Please feel free to resend your email and/or contact me by other means if you need an urgent reply.

Nov 21 '19 22:11 alimanfoo

@David-Baddeley : I'll look into your pre-print, but as a follow-on to this discussion you might also be interested in tracking https://forum.image.sc/t/next-generation-file-formats-for-bioimaging/31361 All the best, ~Josh

Nov 22 '19 14:11 joshmoore

@David-Baddeley I highly recommend taking a careful look at dask. For me, it's made processing enormous microscopy datasets much much easier. You can see some applied examples here and here

For your specific issue (accessing individual chunks of a zarr array): The map_blocks method of a dask array offers distributed access to chunks for the purposes of applying a function that returns a numpy array (e.g., filtering or transforming data). For more generic access to array chunks, you can use the blocks property of a dask array, e.g. this example. Even more generically, you can explicitly slice a dask array along chunk boundaries to create a collection of independent sub-arrays that can be processed in parallel with generic tools in the dask library, e.g. dask.delayed or dask.bag.

I hope this is helpful!

Nov 26 '19 19:11 d-v-b

I think @joshmoore’s point is people may want to solve this in other languages (like Java and C/C++ to name a couple). A proper API for this kind of functionality would be a good answer for them (as opposed to use this Python library 😉). That said, I completely agree that in Python Dask eliminates this need. 😀

Would expect even in our current (Python) implementation we have something like this already. So it is just a question of exposing that to the user. Seems reasonable to me at least.

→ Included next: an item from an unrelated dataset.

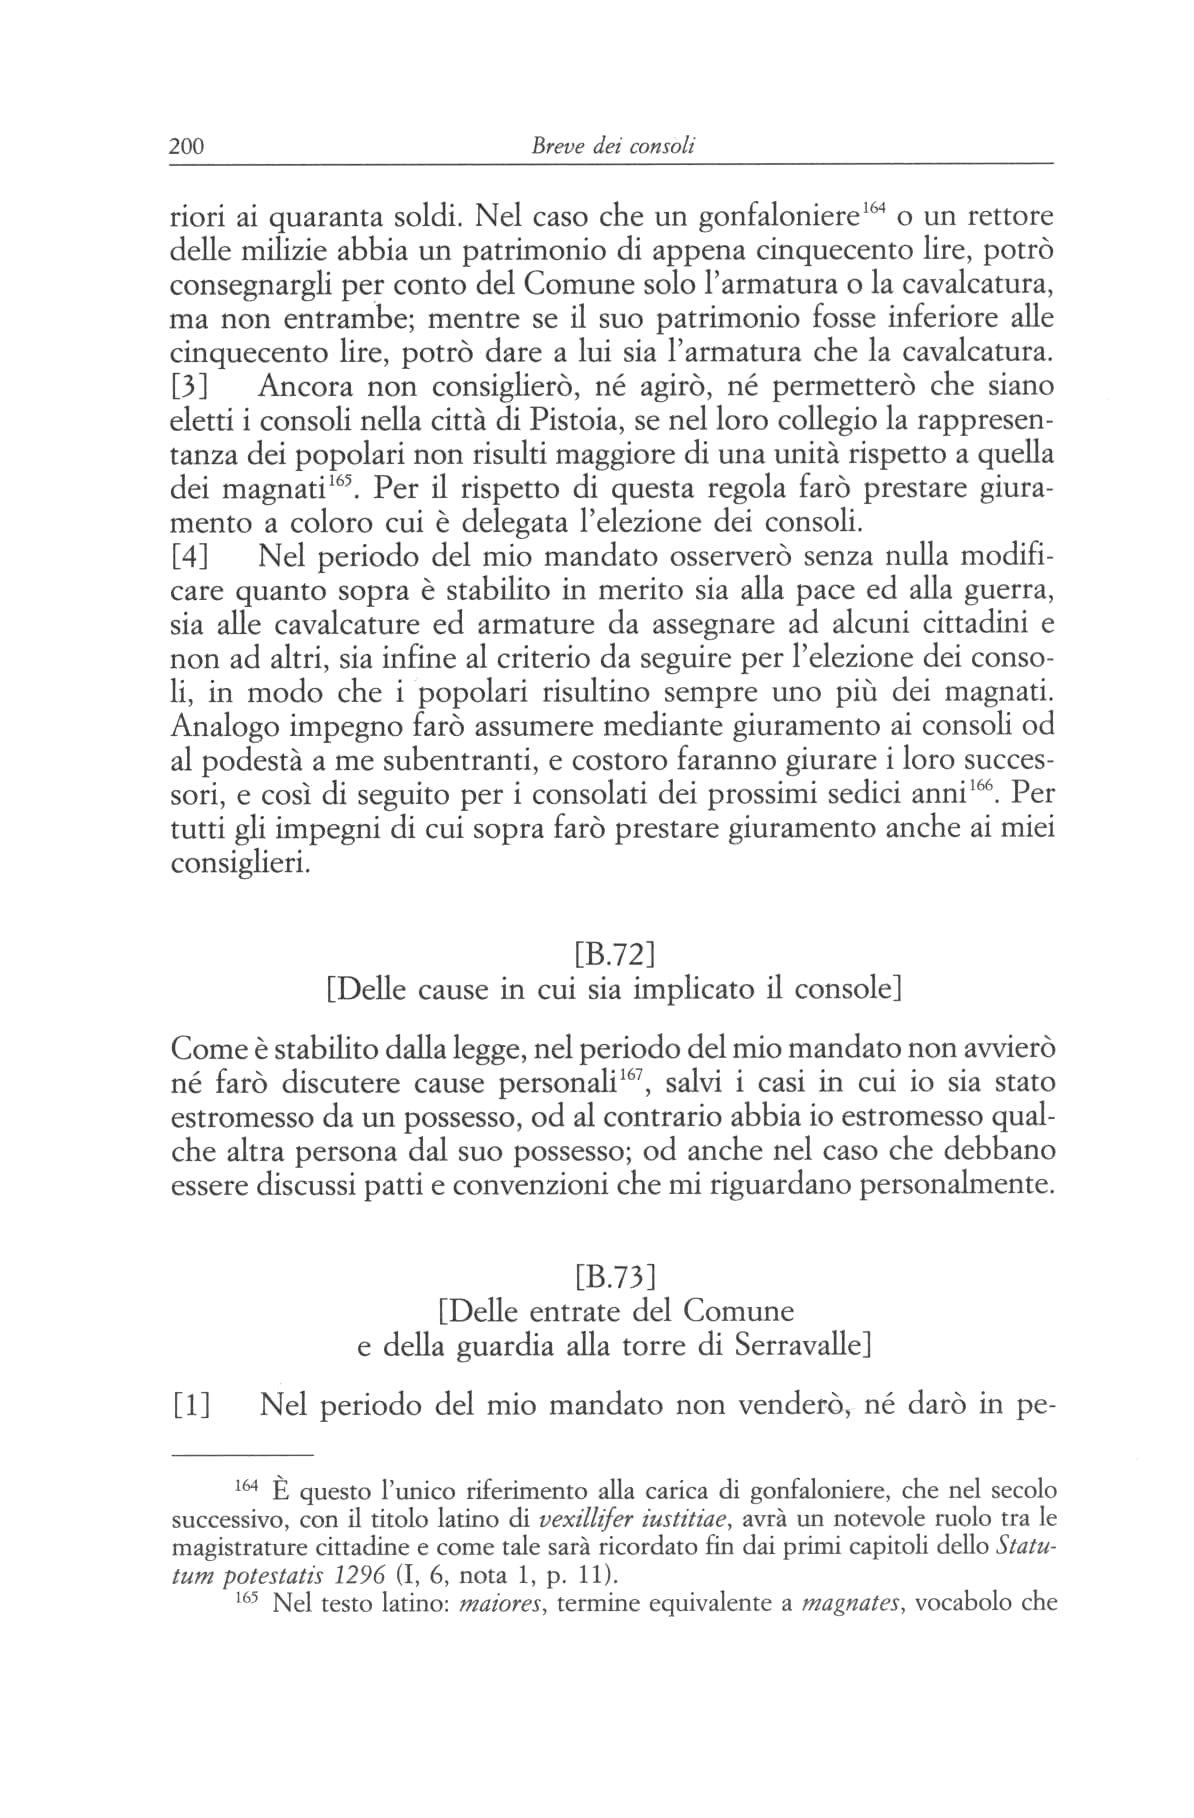 statuti pistoiesi del sec.XII 0200.jpg
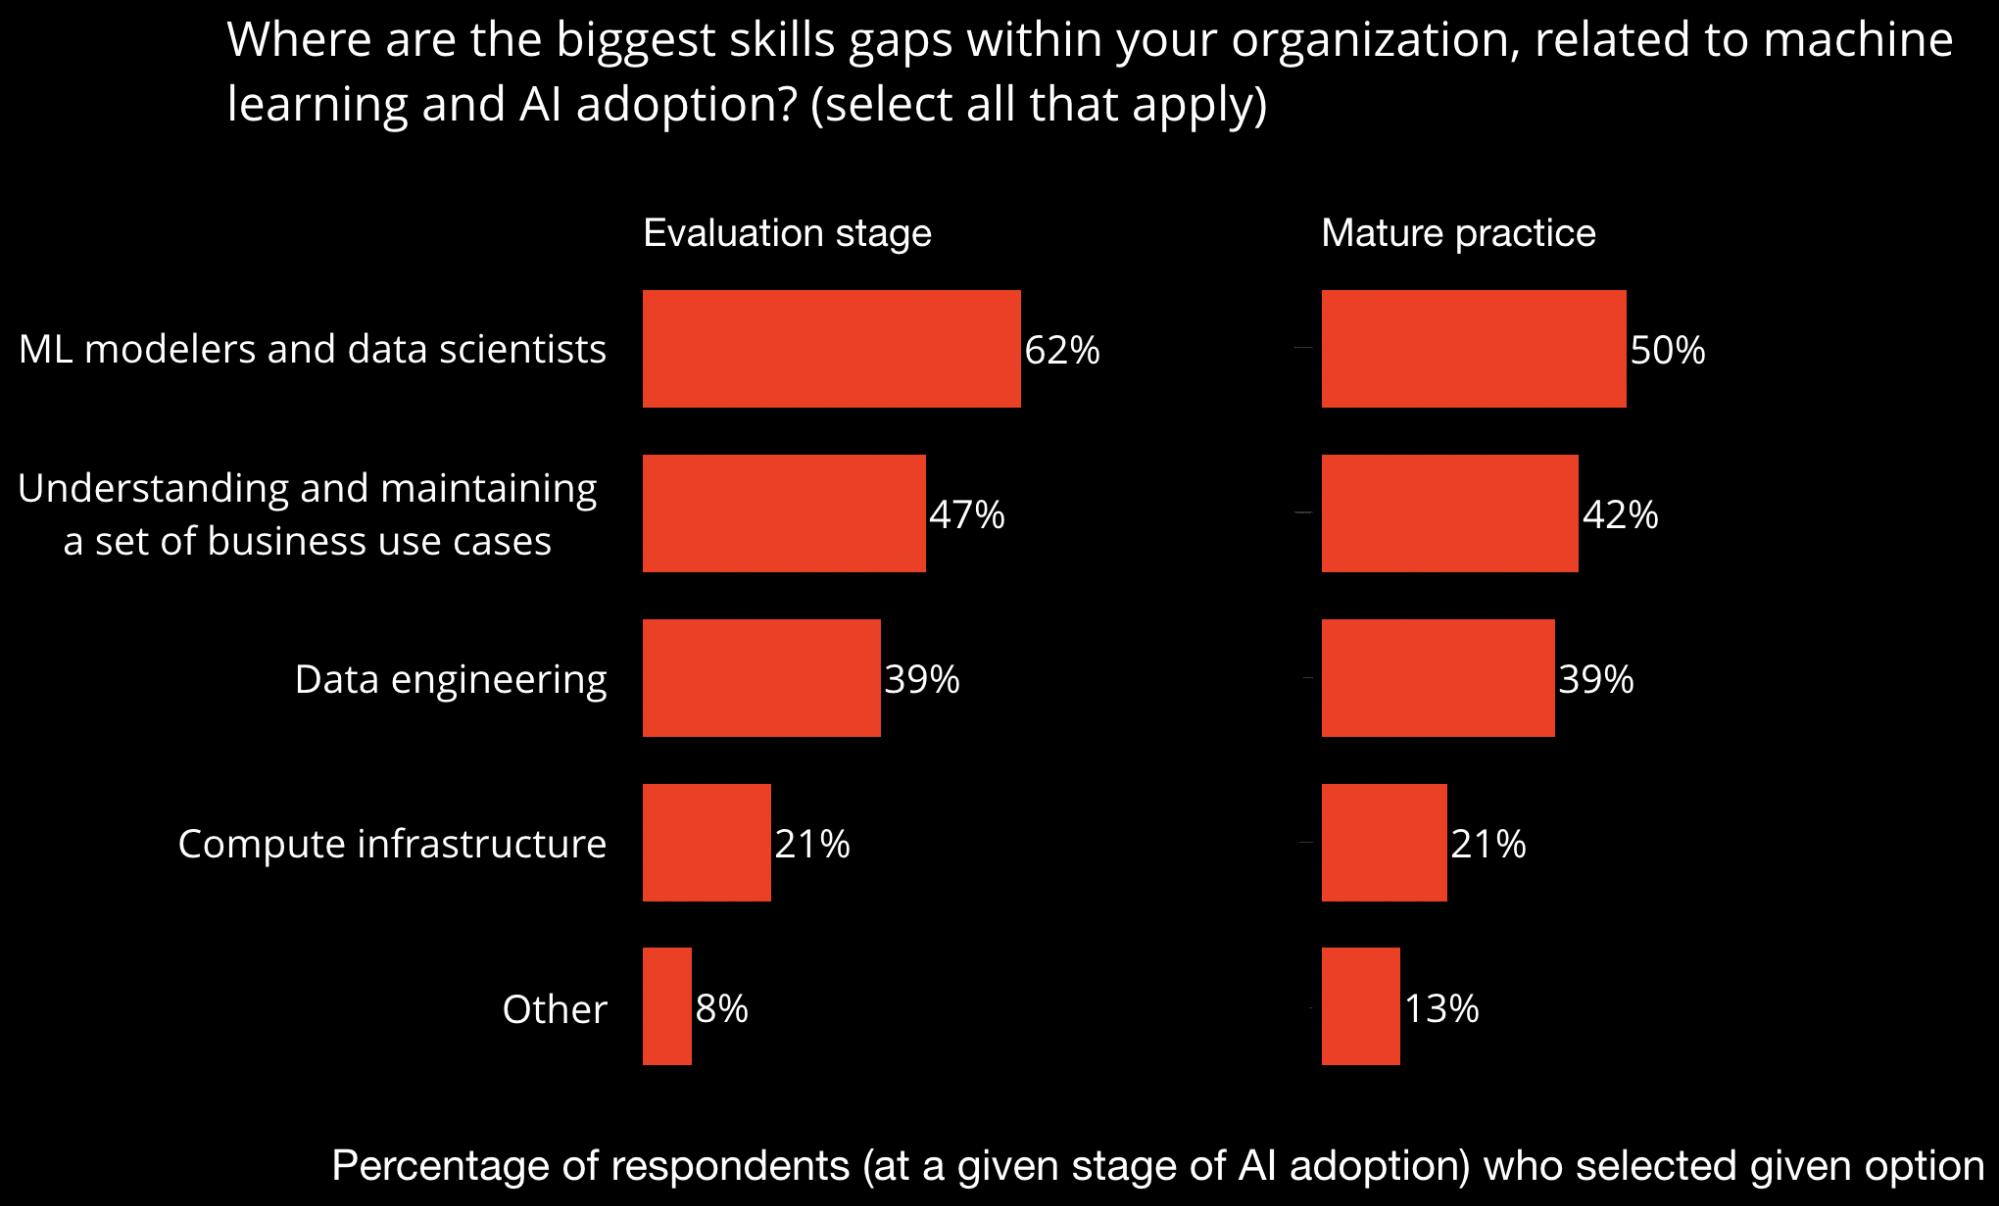 ai skills gaps

Hopefully this helps bridge the gap between these two perspectives. 🙂

Nov 26 '19 19:11 jakirkham

Would expect even in our current (Python) implementation we have something like this already. So it is just a question of exposing that to the user. Seems reasonable to me at least.

Sounds like a good idea. How would this work in practice? An iterator that yields (slice, thingy) where thingy is a lazy reference to the sub-array bounded by slice?

Nov 26 '19 19:11 d-v-b

Ah I guess that really only applies to the first half of the ask namely get/set for chunks. Sorry for the lack of clarity. It should be easy (I think) for users to iterate over all chunks on their own (like using np.ndindex with .nchunks).

Nov 26 '19 20:11 jakirkham

Sorry for the silence, it's been a mad couple of weeks. The more I look at it, the more I think that dask interoperability is a worthy goal. That said, I don't think just using dask solves all my use cases though (one example limitation would seem to be data-locality which dask would seem to respect for temporary data during computation, but not for data in storage at the start or end of processing).

Even when using dask, adding a low-level chunk access api has the potential to speed things up. When reading a chunk from zarr, dask currently slices the zarr array with it's preferred chunk size. Within zarr this involves the allocation of a new array, the loading of the zar chunks corresponding to the area requested by dask (which might not correspond to the underlying zarr chunks), and coping the relevant bits across into the empty array.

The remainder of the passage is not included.